Verrenkungen wegen eines Antrags zu S 21

Ich bin für Stuttgart 21. Doch ich respektiere, wenn jemand dagegen ist. Das gehört in der Demokratie dazu. Und im Matthäus-Evangelium (5, 33 - 37) heißt es: „Eure Rede sei aber: Ja – ja; nein – nein; was aber mehr ist als dieses, ist aus dem Bösen.“ Fällt darunter auch jemand, der weder Ja noch Nein sagen, sondern sich mit einem Thema gar nicht beschäftigen will? Ich lasse es offen. Jedenfalls erinnert mich das Verhalten der Freien Wähler im Kreistag des Enzkreises an dieses Bibel-Wort - diese wollen weder Ja noch Nein sagen zum CDU-Antrag für Stuttgart 21. Und im Einklang mit Grünen und SPD planen sie, in der Dezember-Sitzung des Kreistags, die Behandlung des Antrages zu verhindern, den die Kreisverwaltung auf die Tagesordnung setzen wird. Denn die rechtlichen Voraussetzungen zur Behandlung liegen vor, weil auf die Vorteile für die Menschen im Enzkreis durch kürzere Reisezeiten abgehoben wird, sagt selbst die Kreisverwaltung. Die Kreistage von Zollern-Alb und Calw hatten keine Probleme mit ähnlichen Initiativen.

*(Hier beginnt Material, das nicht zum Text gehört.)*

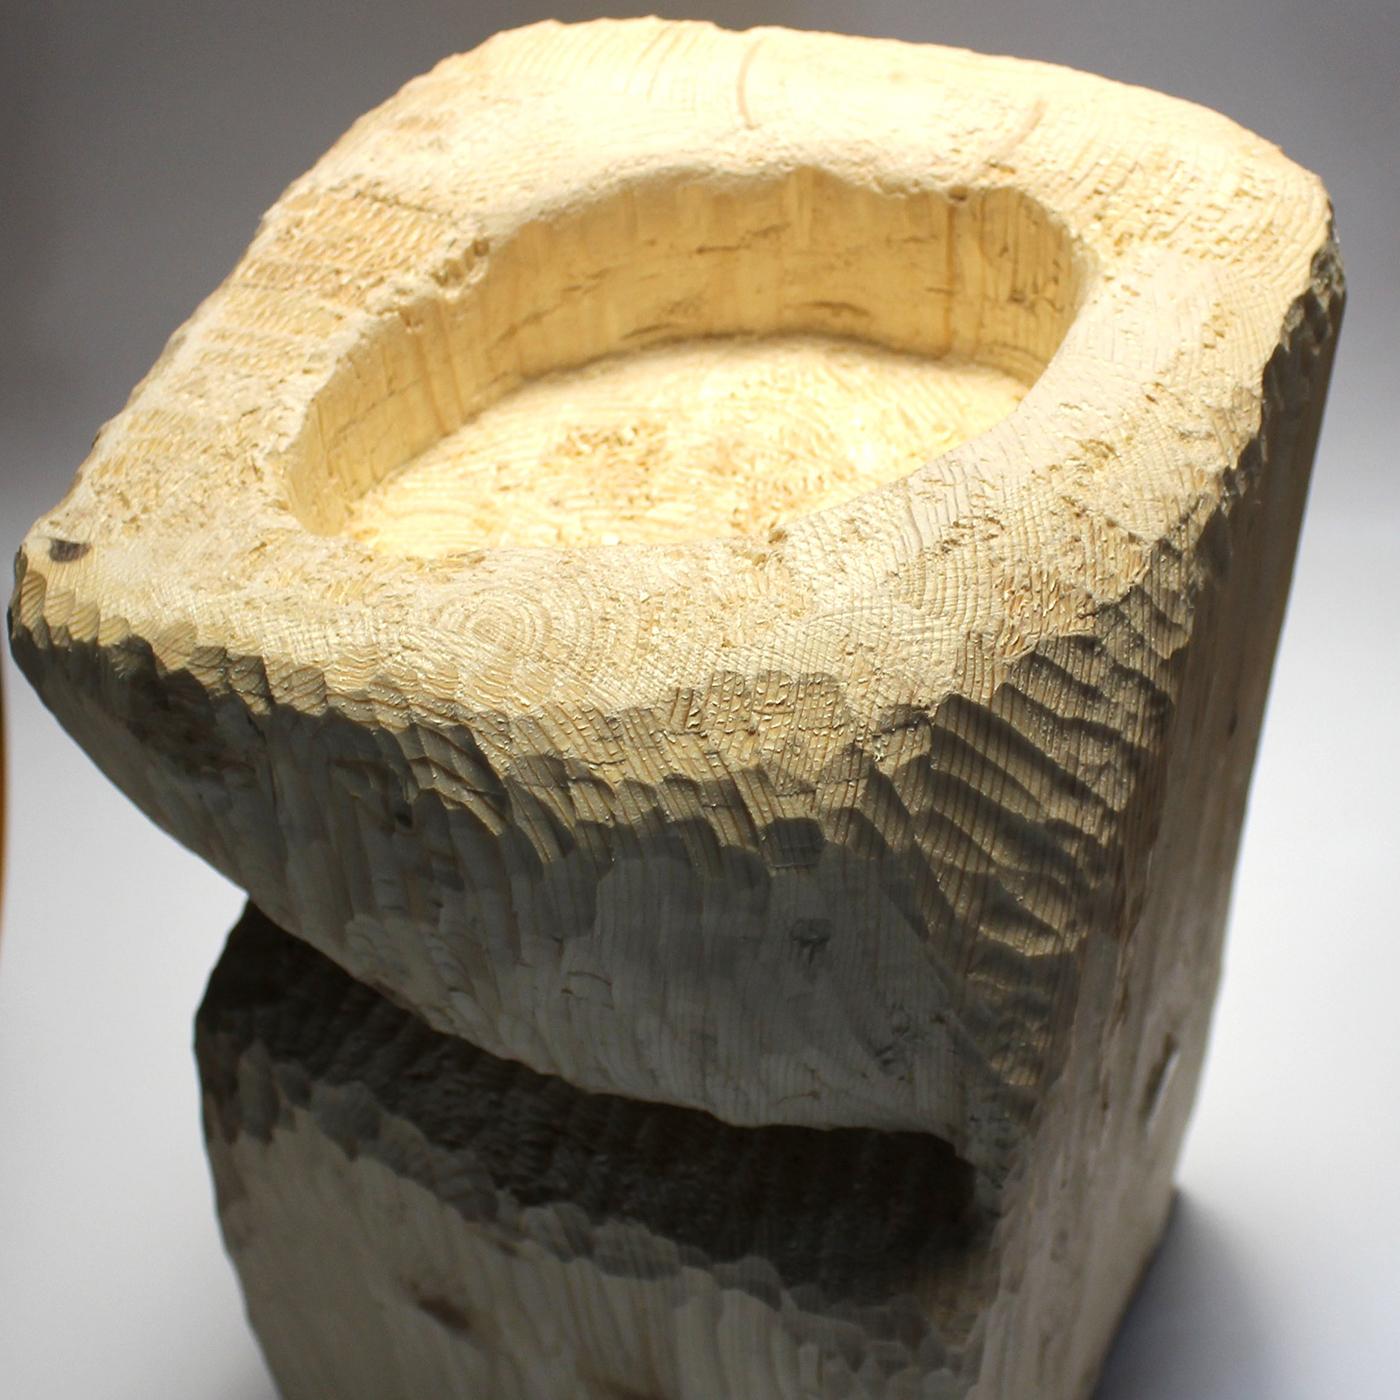 Défini par une approche organique des détails visuels et texturaux, ce vase conçu par Pietro Meccani est une œuvre d'art remarquable. La forme en bois massif évoque la texture de l'écorce d'un arbre obtenue en sculptant grossièrement et à la main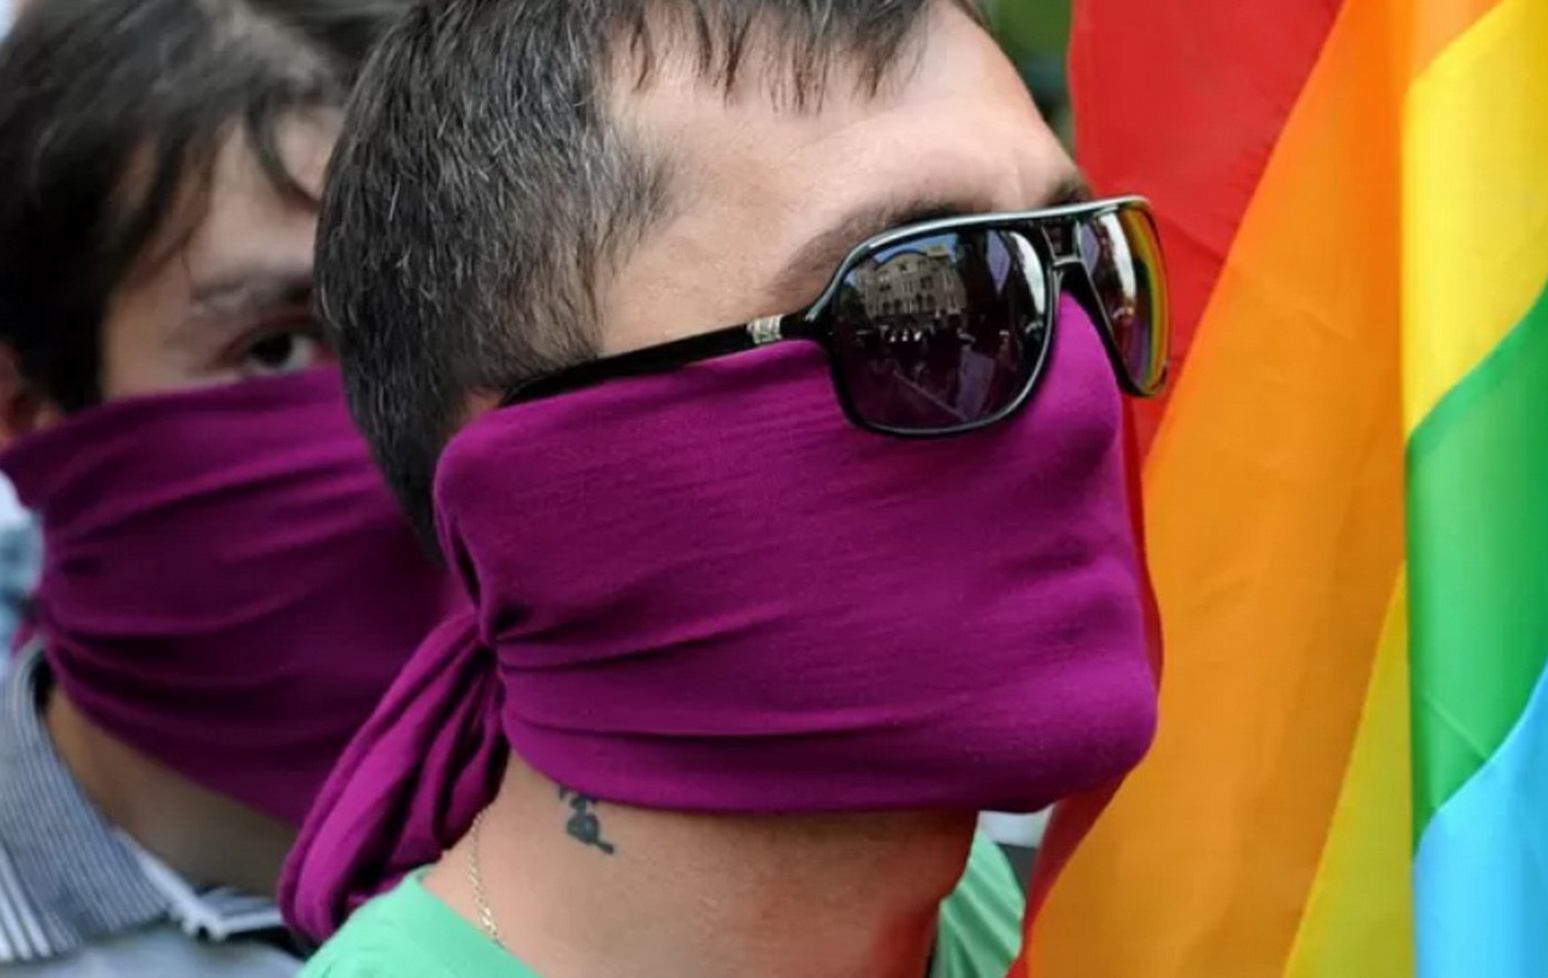 ЛГБТ-активисты готовятся к шествию в Тбилиси, ультраконсерваторы - к его срыву

Wichtig ist nicht, wer den Antrag stellt, sondern das Signal für Stuttgart 21. Deshalb hatte die CDU-Fraktion angeboten, ihren Antrag zugunsten einer gemeinsam formulierten Resolution zurückzuziehen. Hätte eigentlich kein Problem sein dürfen, denn der FWV-Sprecher erklärt immer, die Mitglieder seiner Fraktion stünden fast durchweg zu S 21 und auch der SPD-Fraktionsvorsitzende postulierte öffentlich, ein Anhänger von Tiefbahnhof und der neuen Strecke Wendlingen-Ulm zu sein. Aber jetzt sagt der FWV-Boss, man habe zu wenig Kenntnisse über das Projekt, weshalb man auch nichts beschließen könne - sind denn seine Fraktionsmitglieder für S 21, ohne ausreichend informiert zu sein? Kann ich mir nicht vorstellen. 

Die FDP steht zum CDU-Antrag. Das will ich ausdrücklich erwähnen. Die Grünen sind gegen das Projekt und deshalb gegen die Behandlung des Antrages (kann ich ja noch nachvollziehen). Aber FWV und SPD zeigen sich etwas hasenfüßig. Ich halte dieses Verhalten für Feigheit vor dem Thema. Dann sind mir die doch lieber, die offen gegen Stuttgart 21 stimmen. Aber dafür sein und sich dazu nicht bekennen, das ist wohl Courage der besonderen Art. Mein Kreistagskollege Michael Seiß fand hübsche Formulierungen zu diesem Vorgang der Verrenkung -  von der “Wir-wissen-nicht-was-wir-wollen”-SPD und der “Lass-doch-andere-Farbe-bekennen”-FW.

Dabei liegt die generelle Bedeutung für den Enzkreis klar auf der Hand, die Beziehungen via Pendlerverkehr, Wirtschaft, Infrastruktur etc. wirken unmittelbar. Nun ist eine Mehrheit im Kreistag wohl der Ansicht, dass uns das überhaupt nichts anzugehen hat. Ich zitiere einen Kreistagskollegen: Landauf, landab wird unisono davon geschwärmt, mit welchem Engagement sich der Bürger wieder zu Wort meldet und seine demokratischen Rechte wahrnimmt. Die wahre Demokratie schreit fröhliche Urständ und gleichermaßen meint eine Mehrheit unserer gewählten Vertreter der Bürgerschaft des Enzkreises, wir hätten gefälligst die Goschen zu halten? Also das kann es – egal ob man S 21 befürwortet, kritisch begleitet oder rundweg ablehnt – doch nicht sein. Warum packen wir dann nicht gleich ein und lassen die Veranstaltung? (...) Der Kreistag leistet meiner Meinung nach mit einer solchen Haltung den Offenbarungseid.


Der Landrat hält sich raus aus dem Disput. Zumindest offiziell. Kann aber sein, dass er als Folge einer Geschäftsordnungsdebatte in der Kreistagssitzung am 14. Dezember doch ein paar Spritzer abbekommt. Denn er ist auch für S 21.


Jedenfalls ist der Versuch, einen fraktionsübergreifenden Vorstoß zu unternehmen, leider gescheitert.